Individuals with low self-esteem are everywhere. You interact with them every day, and their behavior and attitudes might impact you in a negative way. One of the reasons this happens is that you may harbor your own self-esteem issues, perhaps on a smaller scale, but enough to be uncomfortable when you witness another with the tell-tale signs of this personality disorder.
Some ways to recognize symptoms of low self-esteem:
A person with low self-esteem often walks with head down, not making eye contact, poor posture and a shuffling gait. When asked to speak, there is hesitation, throat clearing, stuttering, and stammering; all behaviors indicating a lack of confidence.
Unable to accept compliments
Individuals who cannot accept compliments are displaying another sign of low self-esteem. They will often protest, turn a compliment into a negative, or confess to other shortcomings in their discomfort with accepting praise for which they feel unworthy.
When a person repeatedly says, “I’m sorry,” when there has been no infraction or reason for an apology.
This is accompanied by strong feelings of unwarranted guilt or self-blame. Always looking for approval from others is another sign.
Anger management issues
Persons with low self-esteem are often quick to temper flare-ups, get frustrated easily, and react with harsh and judgmental behavior toward others. They take every real and imagined slight personally, and often hold grudges.
Individuals with low self-esteem often speak in negative terms. They will say, “I can’t,” or “I never,” with huge reluctance to attempt anything new, for fear of failing or being ridiculed. They approach every change with negativity and pessimism.
Many with low self-esteem mask the pain of their feelings of inadequacy by indulging in addictive behaviors. These include, but are not limited to, alcohol, drugs, gambling and eating disorders. They are also often dysfunctional in their relationships.

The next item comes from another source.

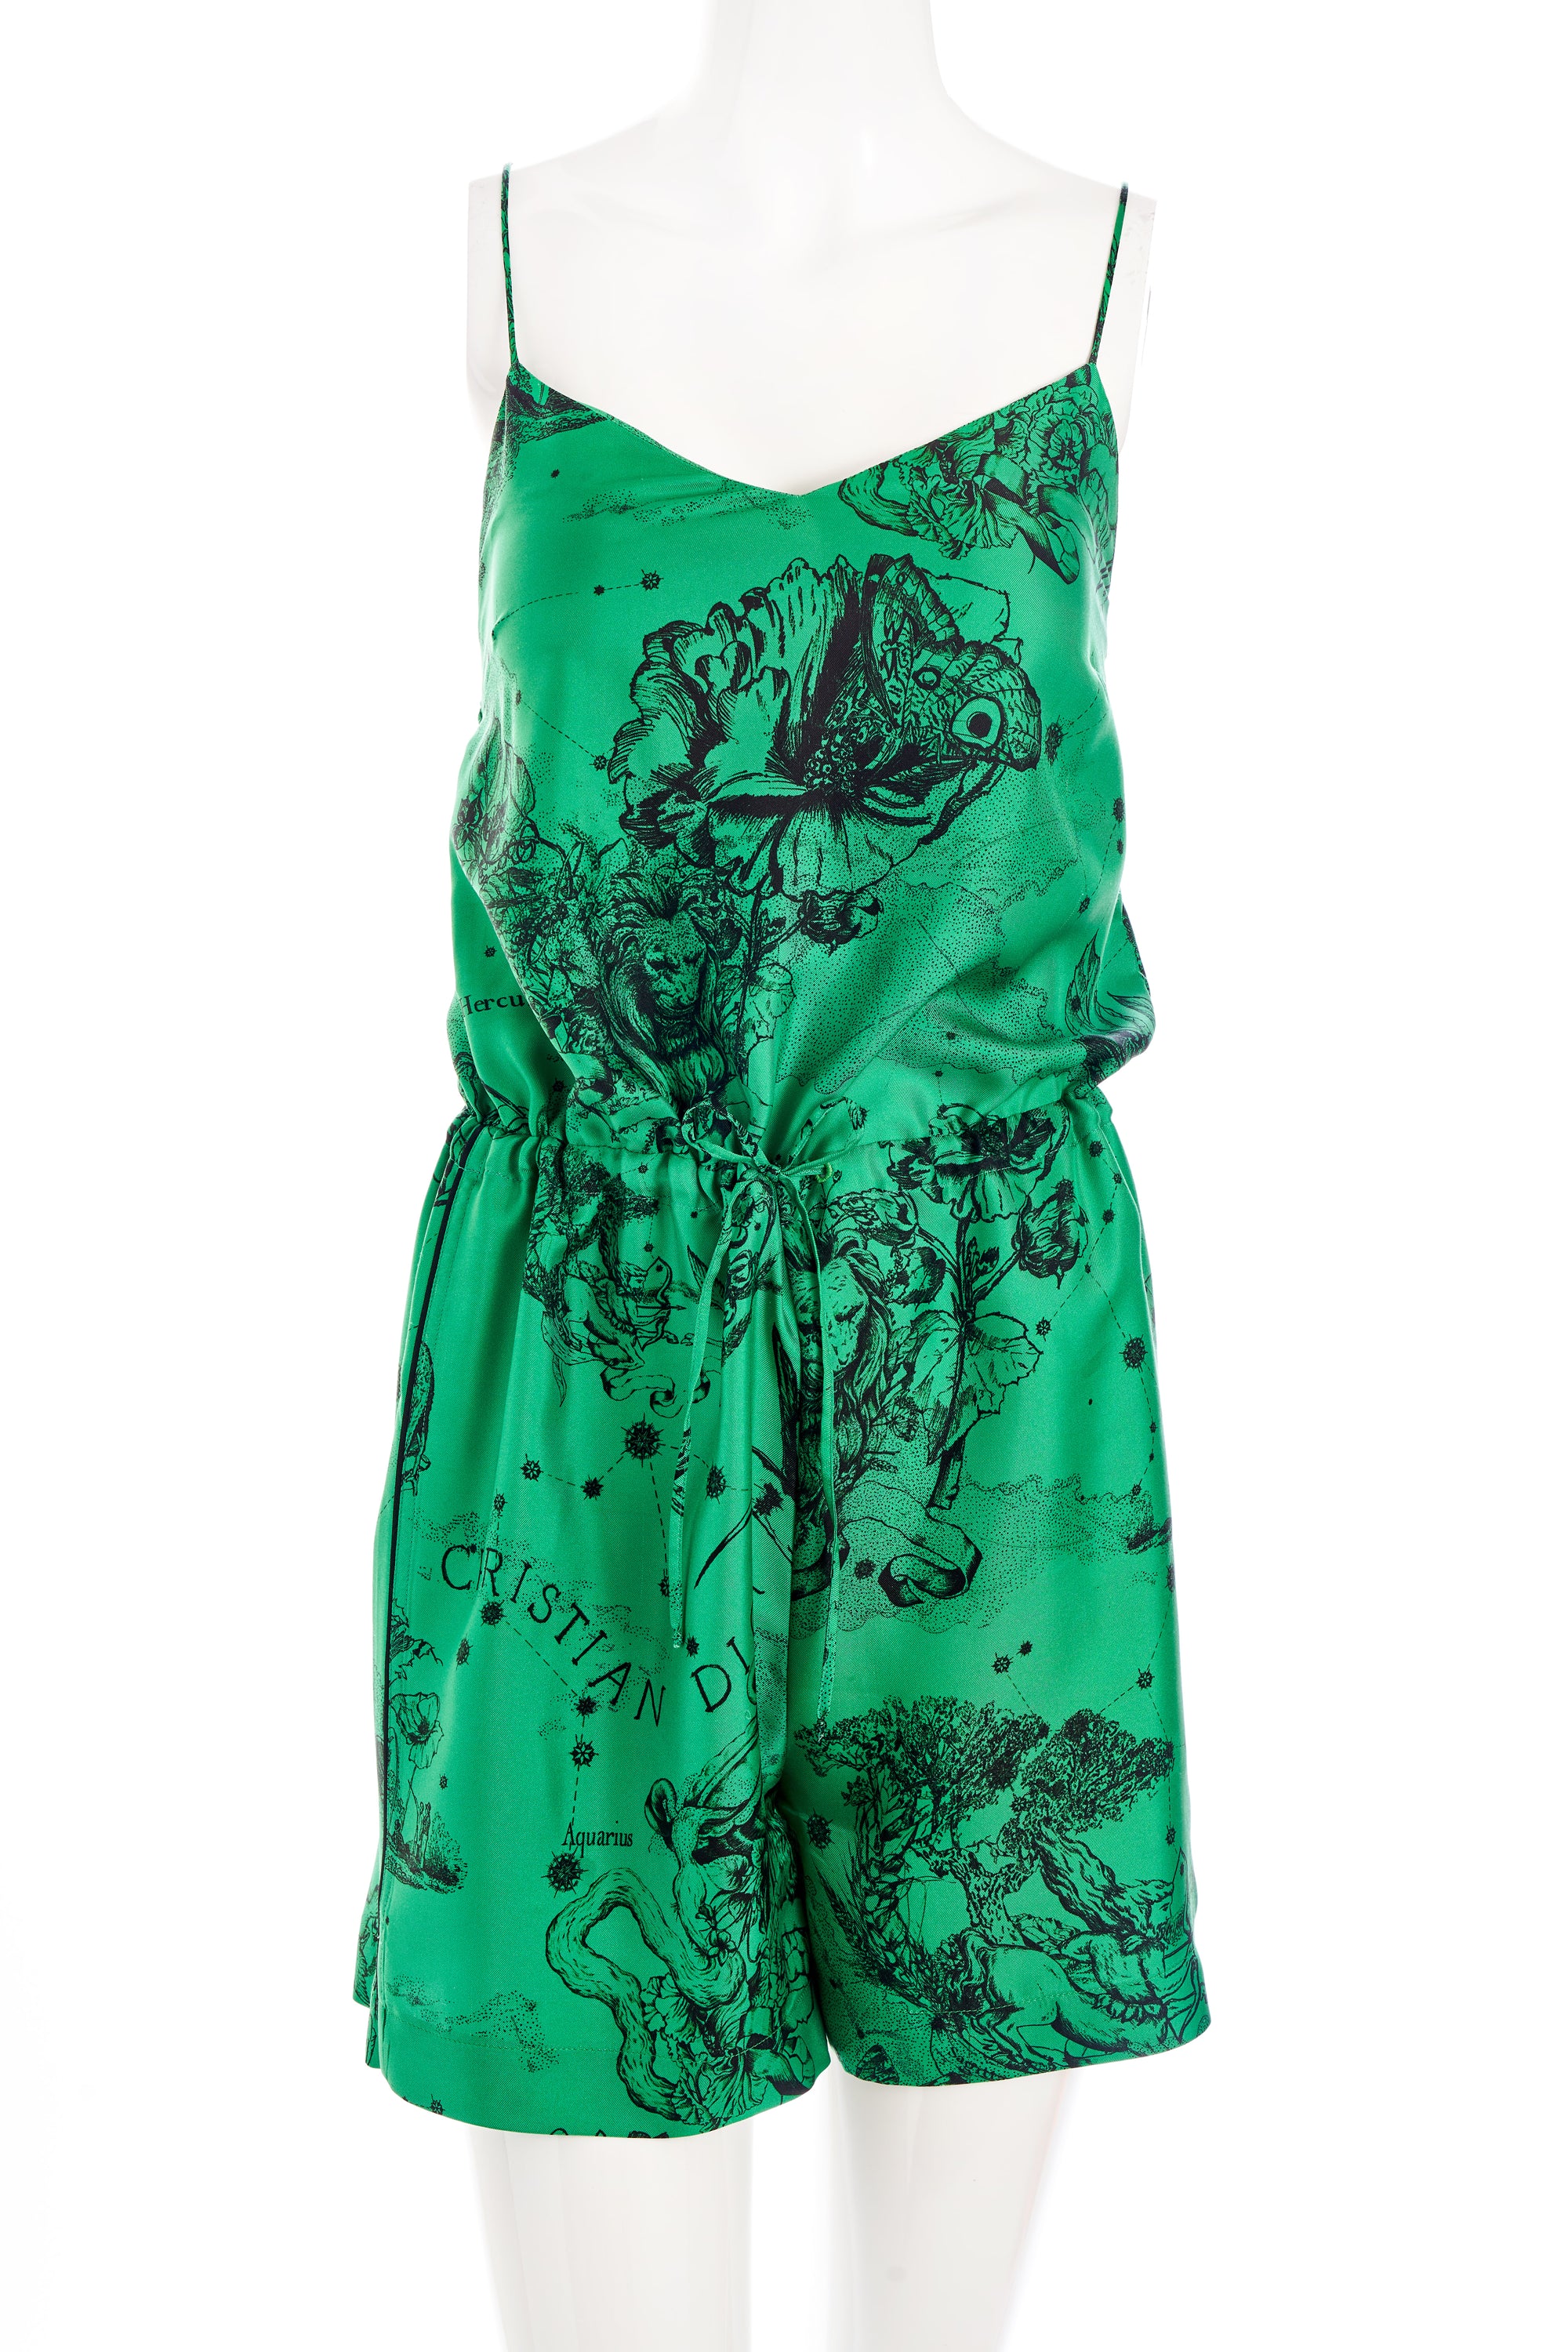 Christian Dior Constellation Print Green Silk Romper

Contrary to popular belief, all persons with low self-esteem are not unsuccessful, although that is a common occurrence, due to their fear of failure and dislike of taking risks. Some actually have workaholic personalities and suffer from perfectionist tendencies. This stems from their desire to control every aspect of their environment. They will be fastidiously neat and morally over-scrupulous.
Some who suffer from low self-esteem surround themselves with excessive trappings of success as if to compensate for their own perceived inadequacy. They will be compulsive about obtaining all the latest technology and gadgets. They suffer from oneupmanship and grandiosity.
Others go to the opposite extreme and deprive themselves of anything but the bare necessities of life. They do not feel worthy and their physical surroundings will attest to their inner feelings. Low self-esteem creates an undeserving attitude and often can go so far as to turn these individuals into “victim” personalities with a “poor me” persona. They find comfort in making do and doing without, even when their station in life dictates otherwise.
Most adults suffering from low self-esteem can trace the roots of their feelings to childhood. They perhaps experienced one or several of the following:
A negligent childhood, involving some kind of abuse; physical, mental, emotional or sexual in nature, and often a combination of more than one type.
Never experiencing unconditional love and acceptance. Parents or guardians who were emotionally distant or physically unavailable to fill the child’s needs.
Raised in any type of stressful or dysfunctional environment, often with addictive or mentally ill parents or guardians.
Raised in an emotionally controlled environment without an opportunity for self-expression or independent thought and behavior.
Most of us have had sporadic experiences in our adult life resulting in bouts of low self-esteem. Examples are the following stress points:
Being fired from a job:
- Moving to a new and unfamiliar place
- Death of a loved one or close friend
- Chronic illness or handicap
These are temporary conditions from which we will eventually recover on our own. If we find our self-esteem issues lingering, it is wise to take one of the following steps:
- Seek professional help
- Read self help literature
- Join a support group
- Participate in a workshop of the seminar which addresses your issues
- Consult with your doctor or clergy
If you know someone suffering from low self-esteem, be encouraging and nonjudgmental.
Praise and kindness go a long way in successful interaction. If you are the one experiencing feelings of inadequacy, do not be afraid or ashamed to talk about it and seek help. Feeling good about yourself is a key ingredient to a happy and fulfilled life. You deserve no less.